摘要：神经模型对文本到SQL任务，其中大部分目前的工作假设所有的输入问题，是合法的，并产生任何输入的SQL查询取得了显著成果。然而，在现实情况下，用户可以输入可能无法任何文本可以通过SQL查询的回答。在这项工作中，我们提出TriageSQL，第一跨域文本到SQL问题的意图分类基准，需要模型来区分四种类型，从回答的问题无法回答的问题。基线罗伯塔模型实现了对测试集的60％F1得分，证明了此任务需要进一步改进。我们的数据可在此HTTPS URL。

109. Anchor-based Bilingual Word Embeddings for Low-Resource Languages [PDF] 返回目录
Tobias Eder, Viktor Hangya, Alexander Fraser
Abstract: Bilingual word embeddings (BWEs) are useful for many cross-lingual applications, such as bilingual lexicon induction (BLI) and cross-lingual transfer learning. While recent methods have led to good quality BWEs for different language pairs using only weak bilingual signals, they still rely on an abundance of monolingual training data in both languages for their performance. This becomes a problem especially in the case of low resource languages where neither parallel bilingual corpora nor large monolingual training data are available. This paper proposes a new approach for building BWEs in which the vector space of the high resource source language is used as a starting point for training an embedding space for the low resource target language. By using the source vectors as anchors the vector spaces are automatically aligned. We evaluate the resulting BWEs on BLI and show the proposed method outperforms previous approaches in the low-resource setting by a large margin. We show strong results on the standard English-German test pair (using German to simulate low resource). We also show we can build useful BWEs for English-Hiligaynon, a true low-resource language, where previous approaches failed.
摘要：双语字的嵌入（BWEs）是许多跨语言的应用程序，例如双语词典诱导（BLI）和跨语种转印学习有用的。尽管最近的方法已经使用只有疲软的双语信号导致以优良的品质BWEs针对不同的语言对，他们仍然依靠这两种语言为他们的表现丰富的单语训练数据。这将成为特别是在不平行语料库双语大也不单语训练数据可用低资源语言的情况下的一个问题。本文提出了一种建立在高资源源语言的向量空间被用作用于低资源目标语言训练的嵌入空间的起点BWEs的新方法。通过使用源矢量作为锚矢量空间自动对齐。我们评估对BLI产生的BWEs并显示该方法优于大幅度的低资源设置以前的方法。我们展示（采用德国来模拟较低的资源）的标准英语，德语测试一双有力的结果。我们还表明我们可以建立英语希利盖农文，一个真正的低资源语言，在以前的方法失败有用BWEs。

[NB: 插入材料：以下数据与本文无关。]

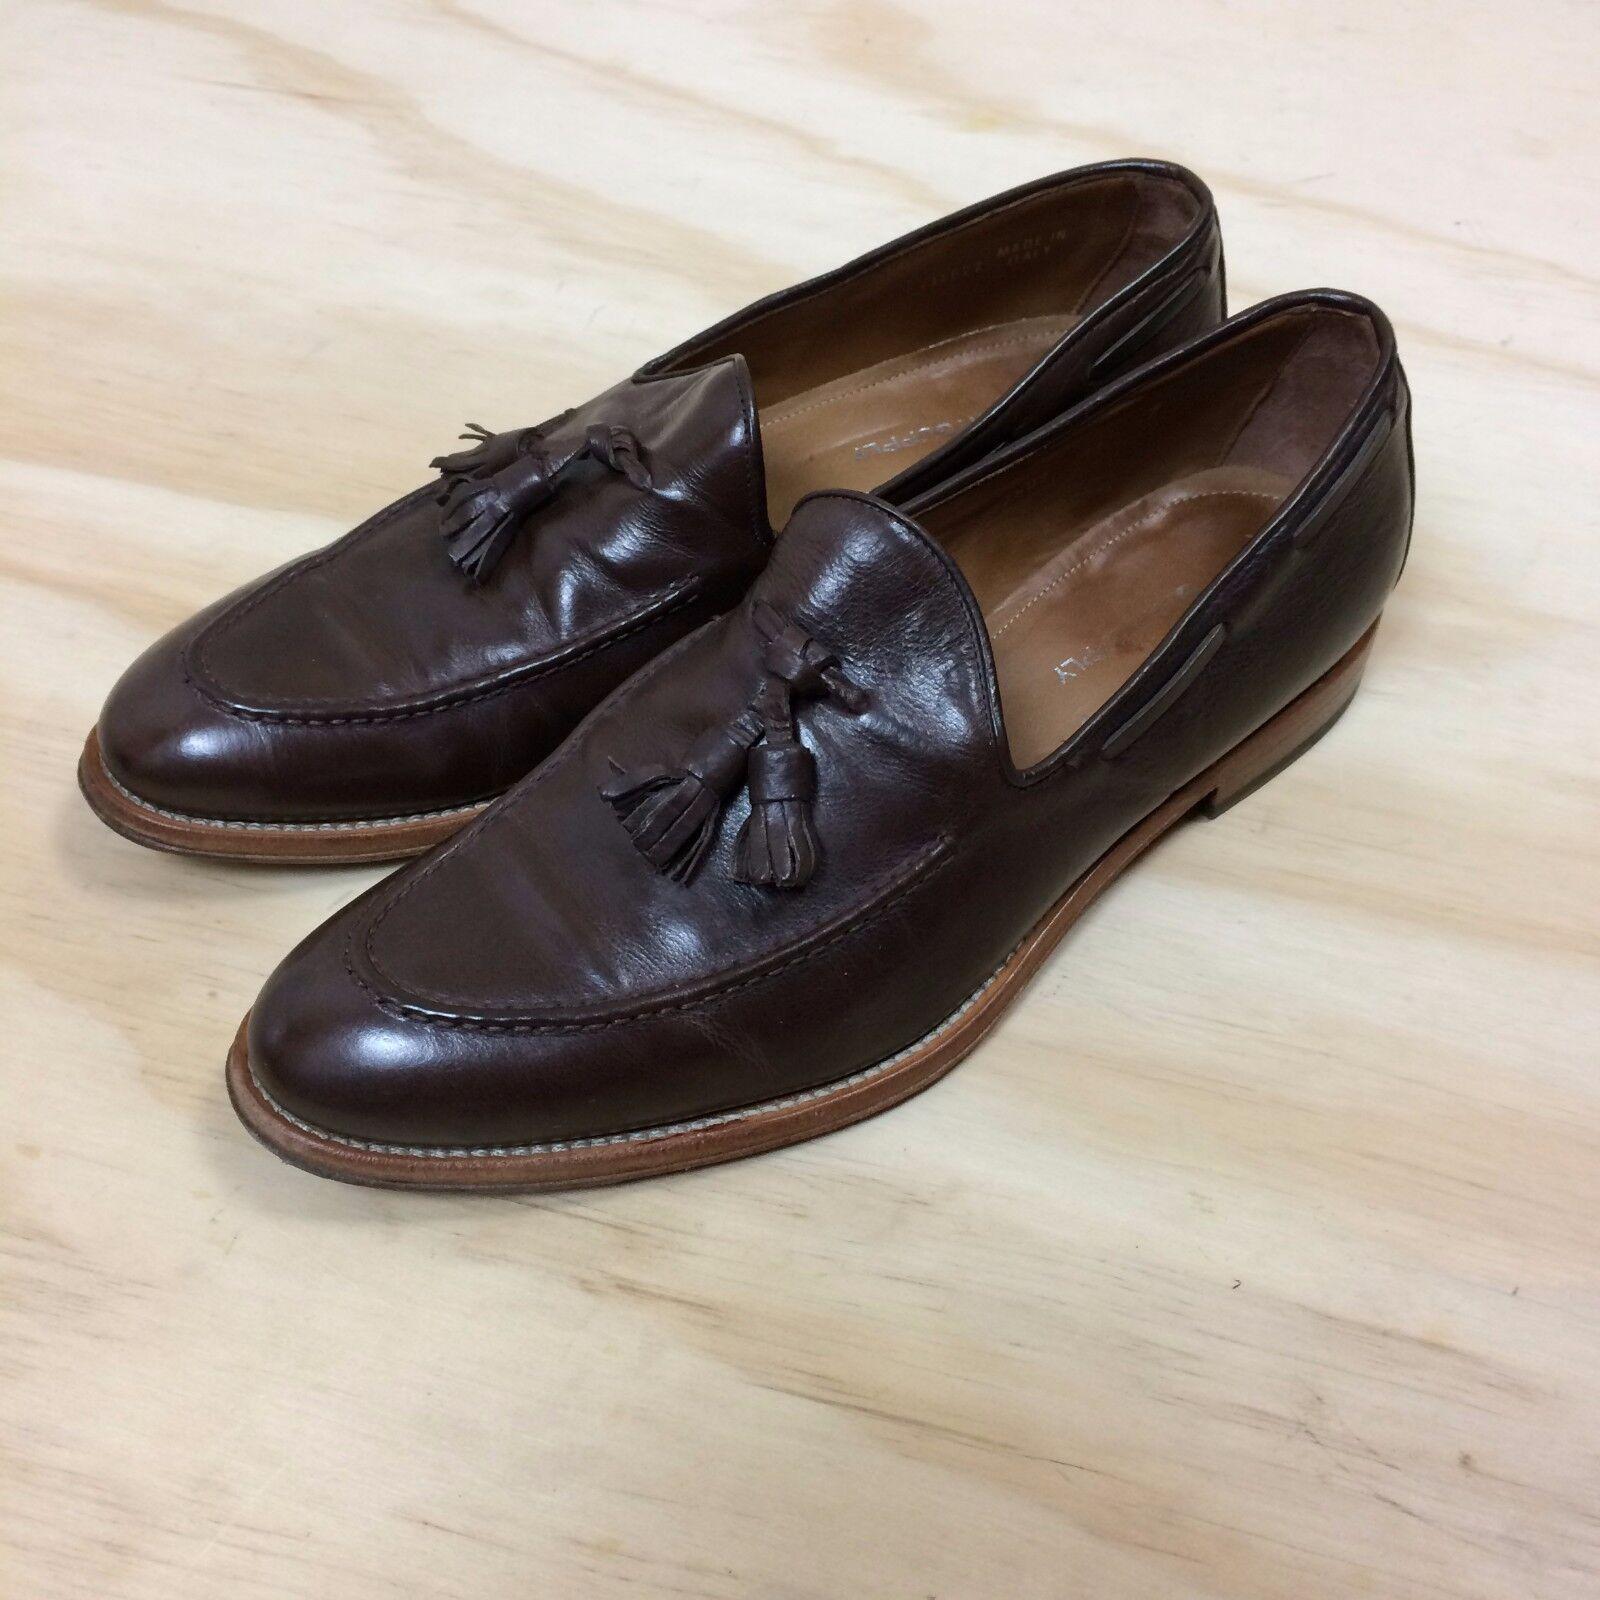 Antonio Maurizi 41/US 11 Brown Pelle Moccasin Tassel Moccasin Pelle Toe Dress Slip-On Loafers 1bcca8

110. Topic Modeling with Contextualized Word Representation Clusters [PDF] 返回目录
Laure Thompson, David Mimno
Abstract: Clustering token-level contextualized word representations produces output that shares many similarities with topic models for English text collections. Unlike clusterings of vocabulary-level word embeddings, the resulting models more naturally capture polysemy and can be used as a way of organizing documents. We evaluate token clusterings trained from several different output layers of popular contextualized language models. We find that BERT and GPT-2 produce high quality clusterings, but RoBERTa does not. These cluster models are simple, reliable, and can perform as well as, if not better than, LDA topic models, maintaining high topic quality even when the number of topics is large relative to the size of the local collection.
摘要：集群标记级别语境词表示产生输出许多相似之处与主题模型的英文文本集合。词汇级字的嵌入的不同聚类，得到的模型更自然地捕获多义性和可作为组织文档的方法。我们评估从流行的情境语言模型的多个不同的输出层的培训令牌聚类。我们发现，BERT和GPT-2生产出高品质的聚类，但罗伯塔没有。这些集群模型是简单的，可靠的，可如果不优于执行，以及，LDA主题模型，保持高品质的主题，即使主题的数量是相对于本地集合的大小大。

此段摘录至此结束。